---------- MATERIAL PROVIDED

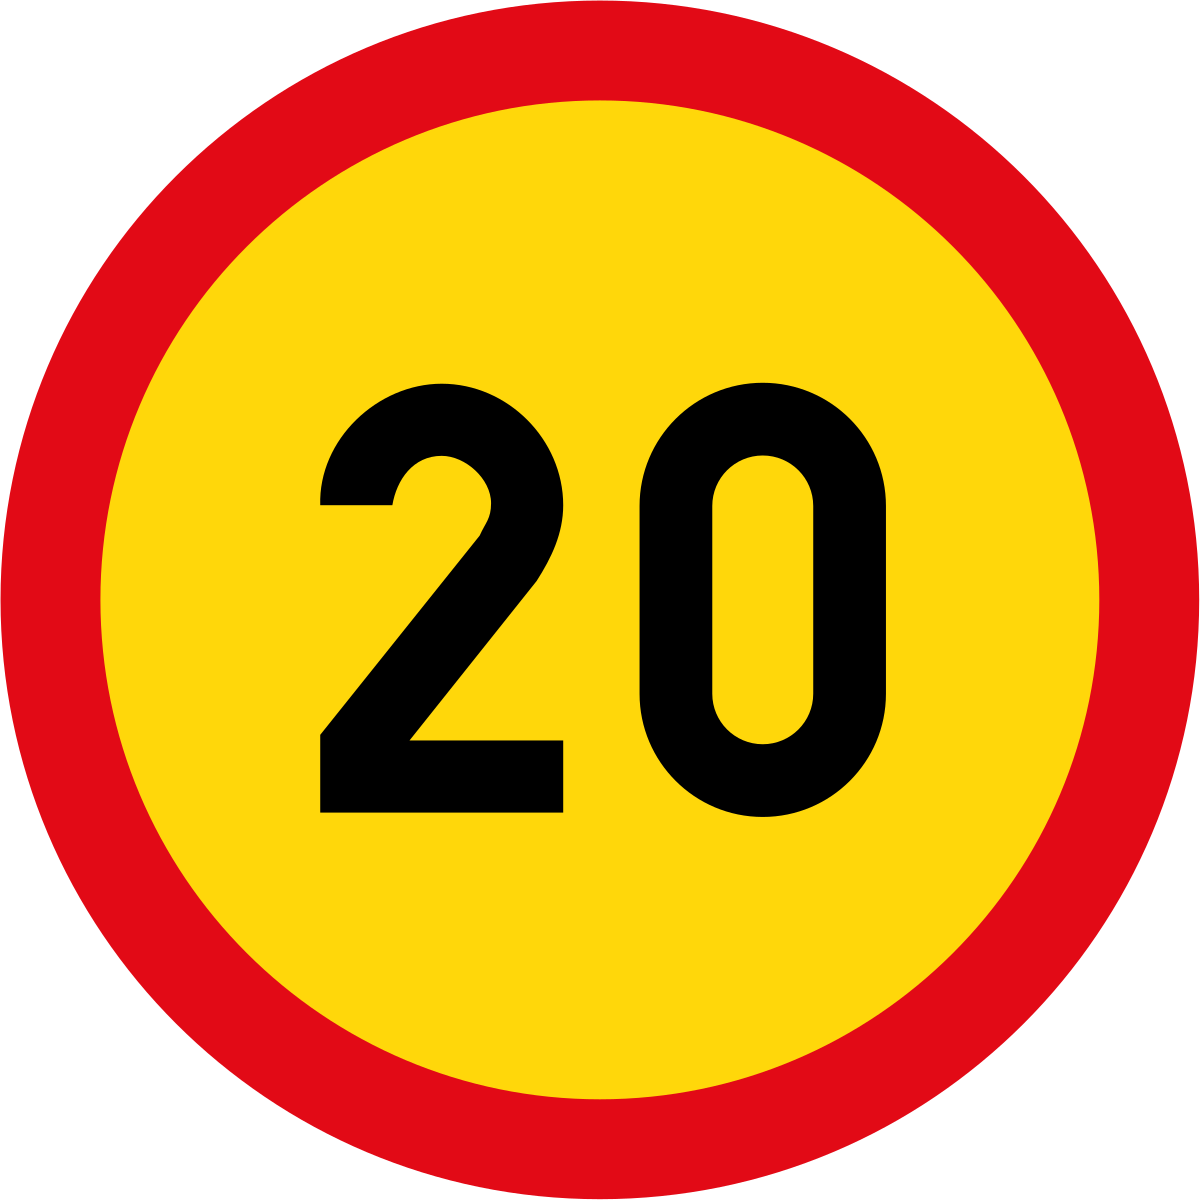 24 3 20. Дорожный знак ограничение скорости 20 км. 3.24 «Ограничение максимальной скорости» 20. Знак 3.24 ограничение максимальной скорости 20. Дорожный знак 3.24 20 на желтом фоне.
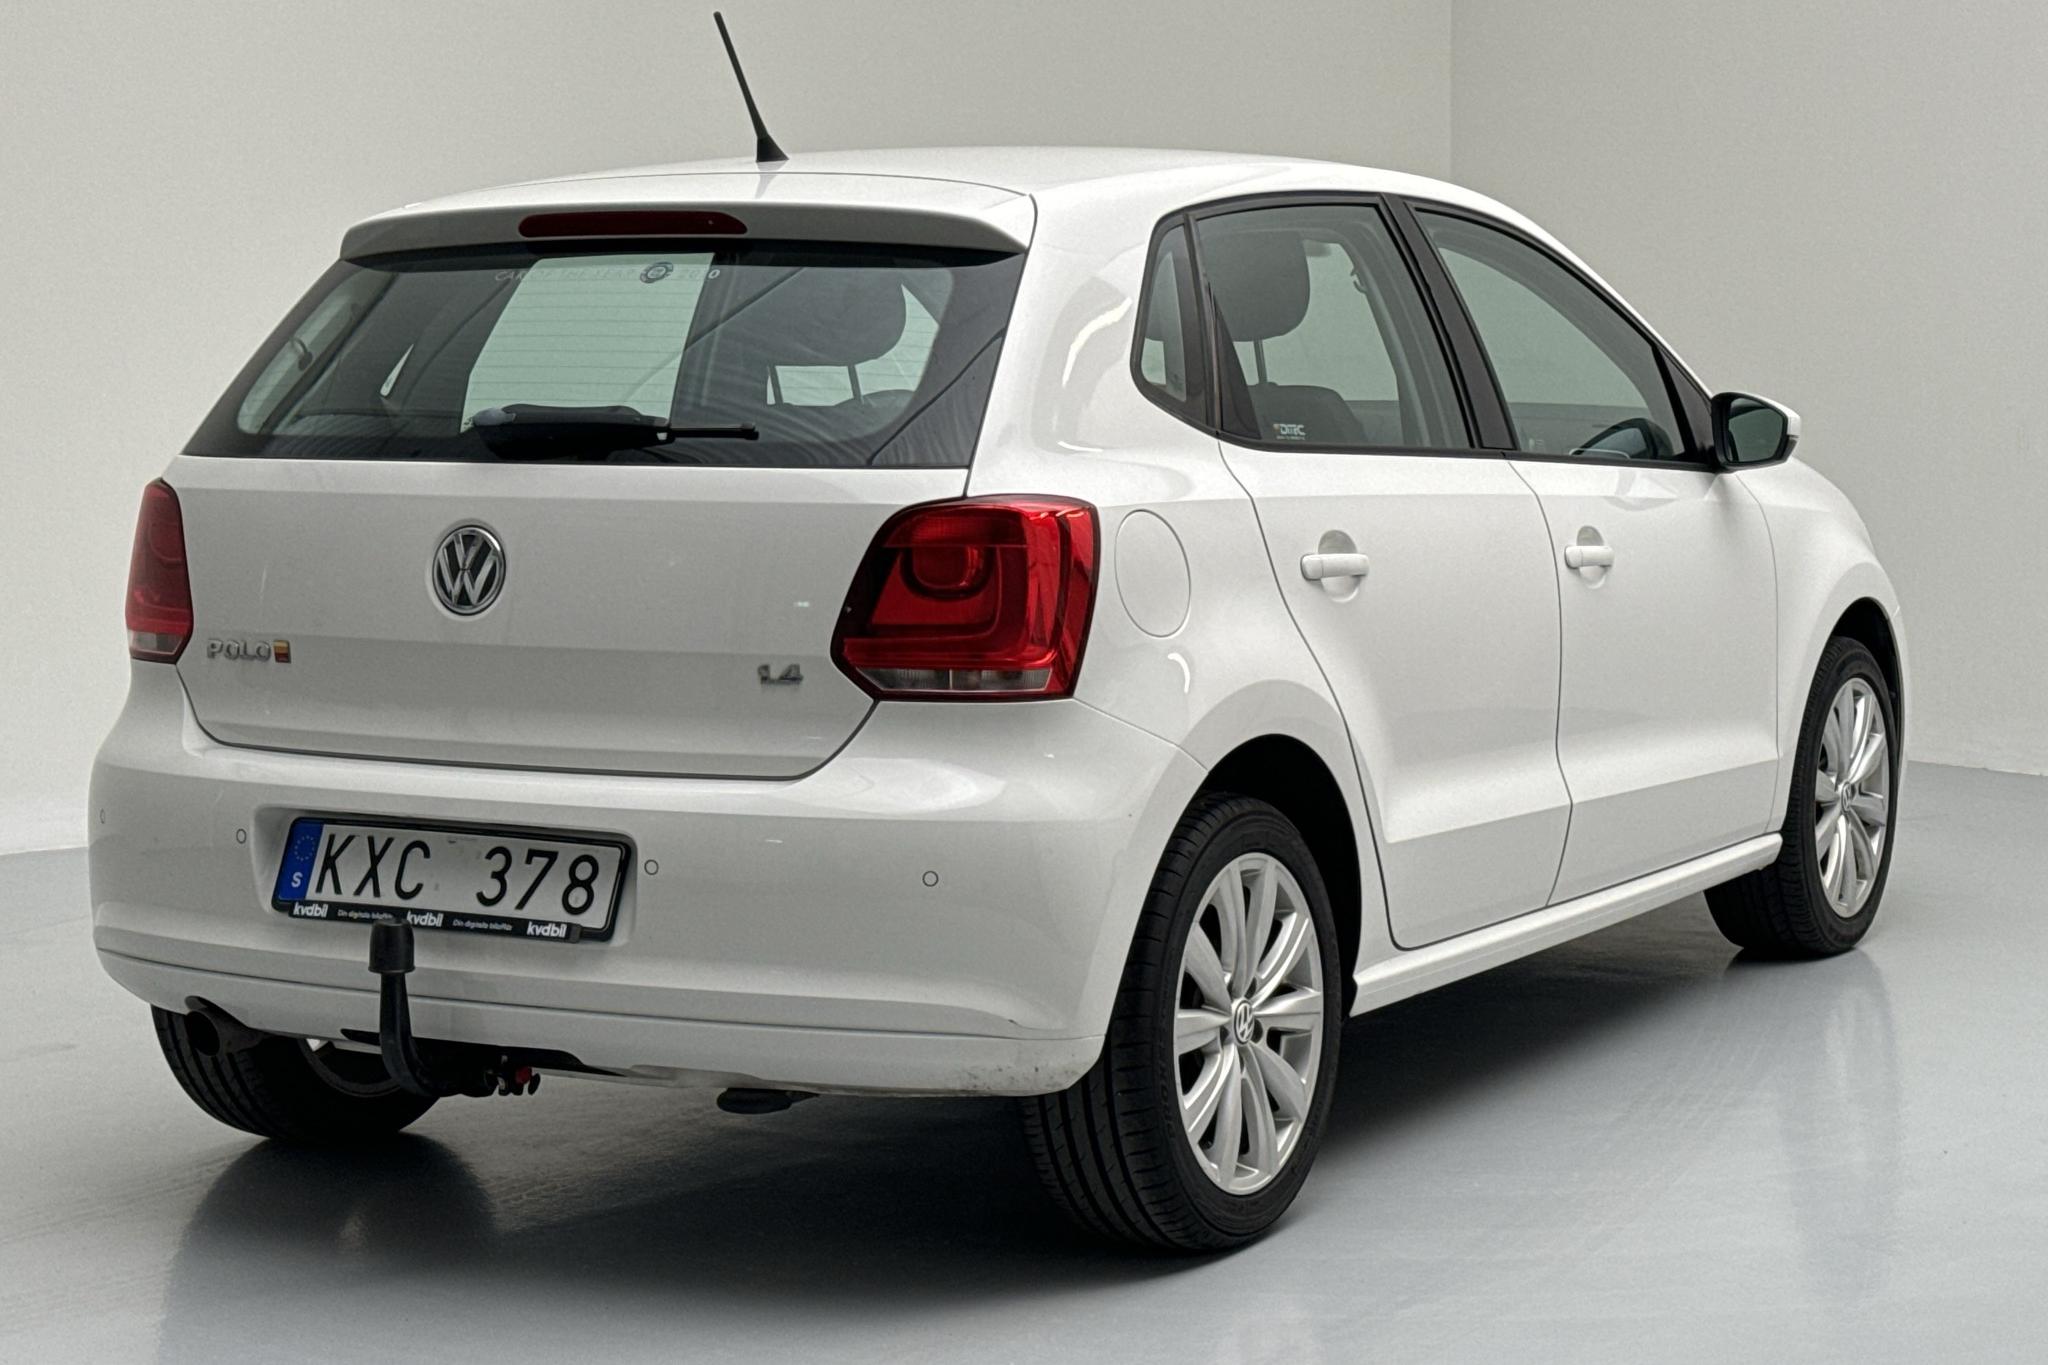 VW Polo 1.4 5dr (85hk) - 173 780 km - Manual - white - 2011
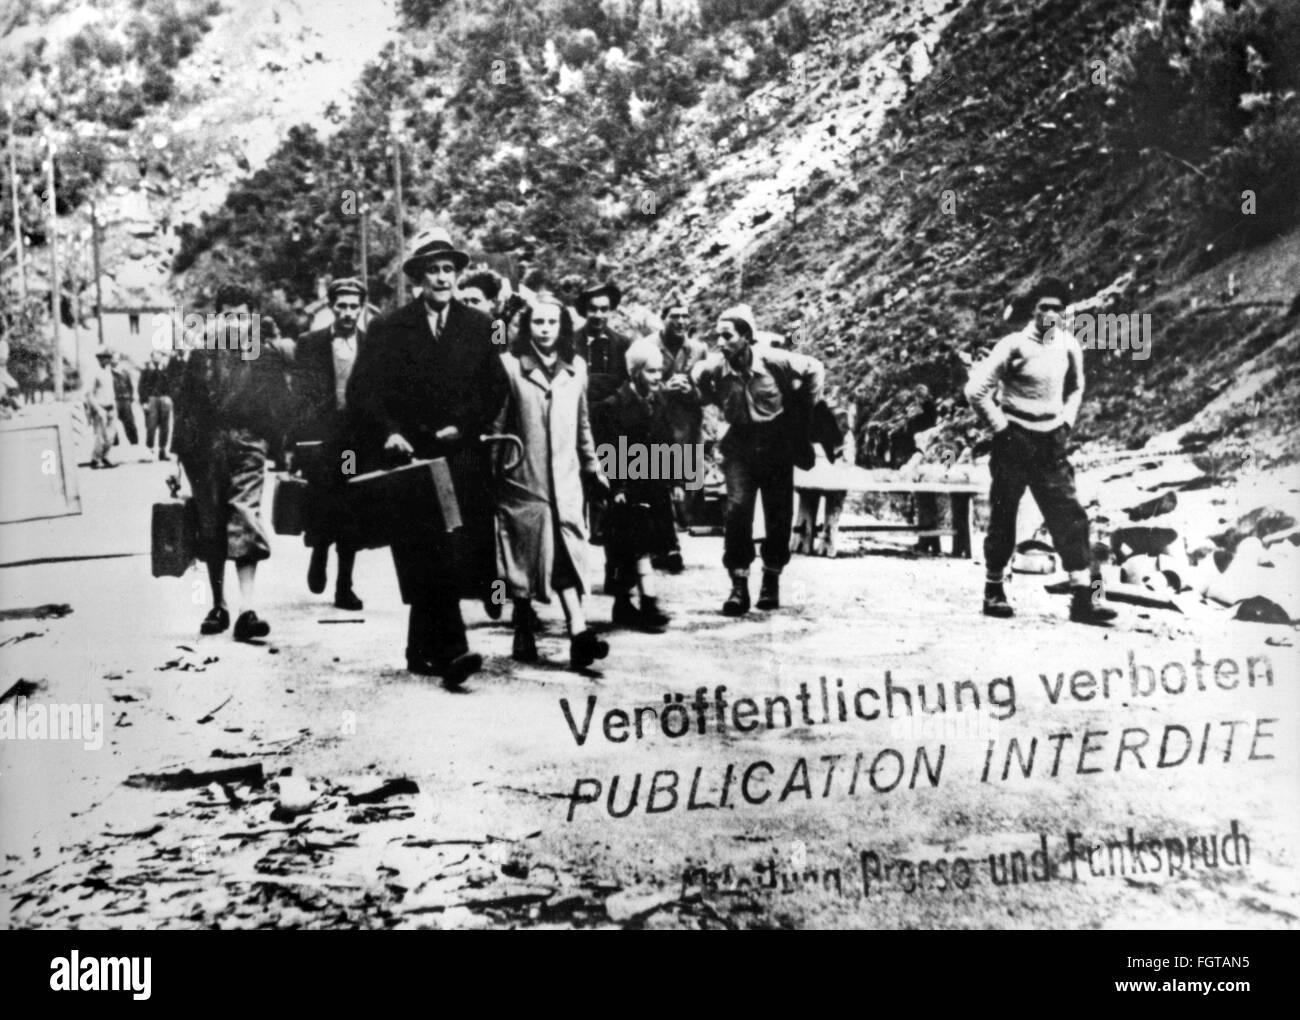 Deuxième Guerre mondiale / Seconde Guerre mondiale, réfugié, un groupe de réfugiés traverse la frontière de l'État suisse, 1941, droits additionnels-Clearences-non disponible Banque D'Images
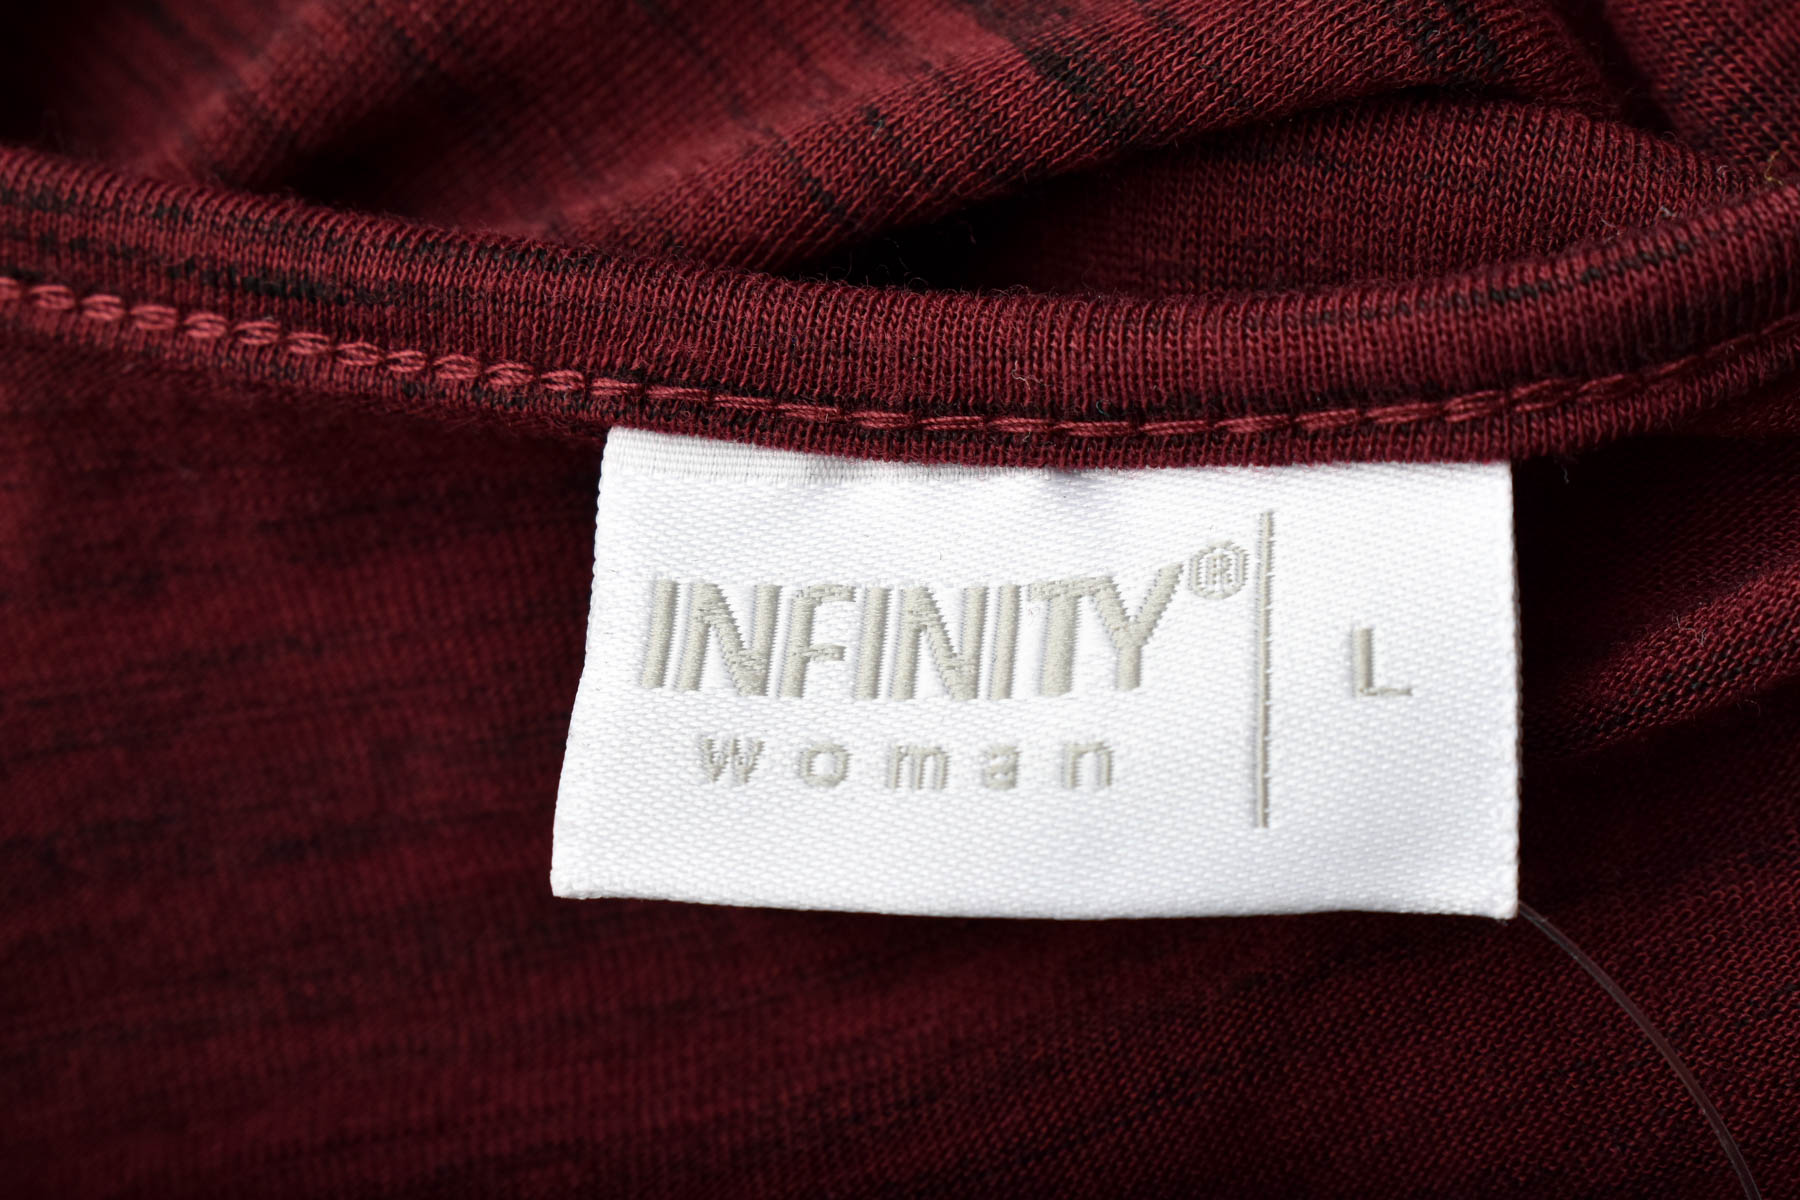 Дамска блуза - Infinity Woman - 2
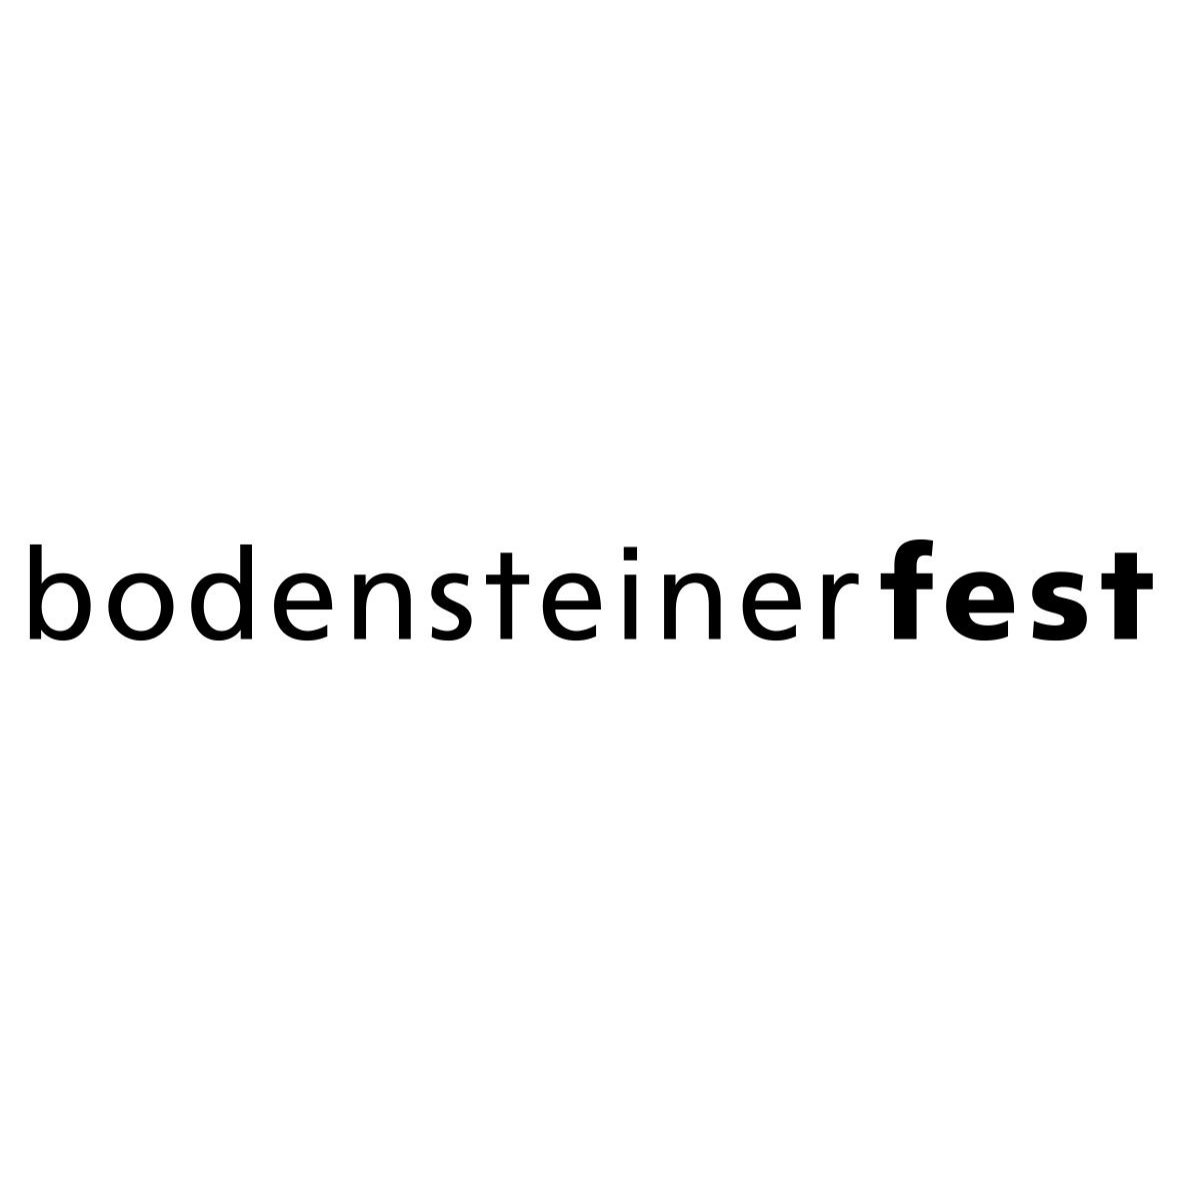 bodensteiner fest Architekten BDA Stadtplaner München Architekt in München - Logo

--------------------

WHAT TO PRODUCE:
Please return, without any change, the lines from the line containing "Дамска блуза - Infinity Woman - 2" through the last line of the entries, dropping the pictures.

RESULT OF THE EXERCISE:
 Дамска блуза - Infinity Woman - 2
 bodensteiner fest Architekten BDA Stadtplaner München Architekt in München - Logo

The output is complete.